NOTA DE RELATORÍA: Providencia con aclaración de voto de los magistrados
Jaime Orlando Santofimio Gamboa y Guillermo Sánchez Luque.
CONSEJO DE ESTADO
SALA DE LO CONTENCIOSO ADMINISTRATIVO
SECCIÓN TERCERA
SUBSECCIÓN C
Consejero ponente: JAIME ENRIQUE RODRÍGUEZ NAVAS
Bogotá D.C., veintitrés (23) de abril de dos mil dieciocho (2018) Radicación número: 25000-23-26-000-2005-02721-01(43341) ACUMULADO 25000-2326-000-2006-01806-01(44436)
Actor: HÉCTOR GONZÁLEZ ÁVILA Y OTROS
Demandado: NACIÓN - FISCALÍA GENERAL DE LA NACIÓN Referencia: ACCIÓN DE REPARACIÓN DIRECTA La Subsección procede a decidir el recurso de apelación interpuesto, el 19 de diciembre del 2011, por la parte demandante, contra la sentencia del 4 de octubre del 2011 proferida por el Tribunal Administrativo de Cundinamarca, en la que negó las pretensiones de la demanda.

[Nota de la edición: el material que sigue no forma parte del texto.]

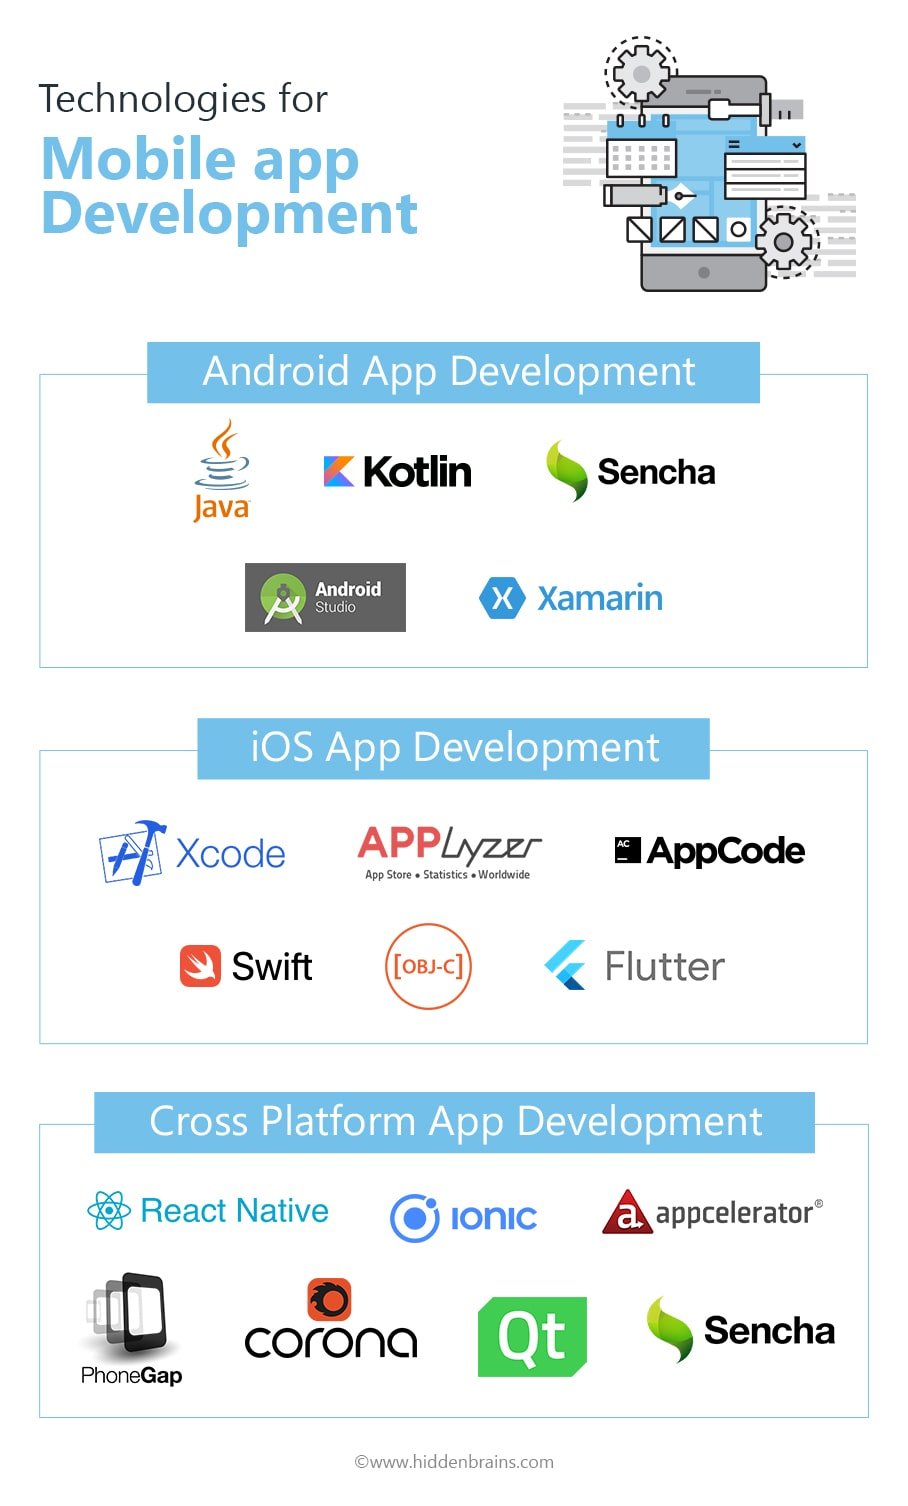 Technologies for Mobile app development

También, decidirá el recurso de apelación interpuesto el 4 de noviembre del 2011, por la entidad demandada, Nación-Fiscalía General de la Nación, contra la sentencia del 23 de septiembre del 2011, proferida por el Tribunal Administrativo de Cundinamarca, a través de la cual accedió parcialmente a las pretensiones de
la demanda. SÍNTESIS DEL CASO El 5 de septiembre de 2002, Héctor González Ávila y Jorge Alexander Cañón Fajardo fueron capturados por su presunta participación en la comisión del delito de tráfico, fabricación o porte de estupefacientes, durante un operativo en el que la Policía capturó al Noel Malaver Rueda, e incautó una sustancia estupefaciente que iba a ser comercializada dentro de una vivienda. Los demandantes fueron capturados en área exterior al mencionado inmueble. La Fiscalía General de la Nación profirió en contra de esas dos personas medida de aseguramiento consistente en detención preventiva en establecimiento carcelario y posteriormente, les otorgó el beneficio de detención domiciliaria. Finalmente, el Juzgado Treinta y Uno Penal del Circuito Especializado de Bogotá, profirió sentencia absolutoria a favor de los sindicados, comoquiera que su conducta no constituyó el delito endilgado. Los procesados estuvieron privados de su libertad hasta el 27 de julio de 2004.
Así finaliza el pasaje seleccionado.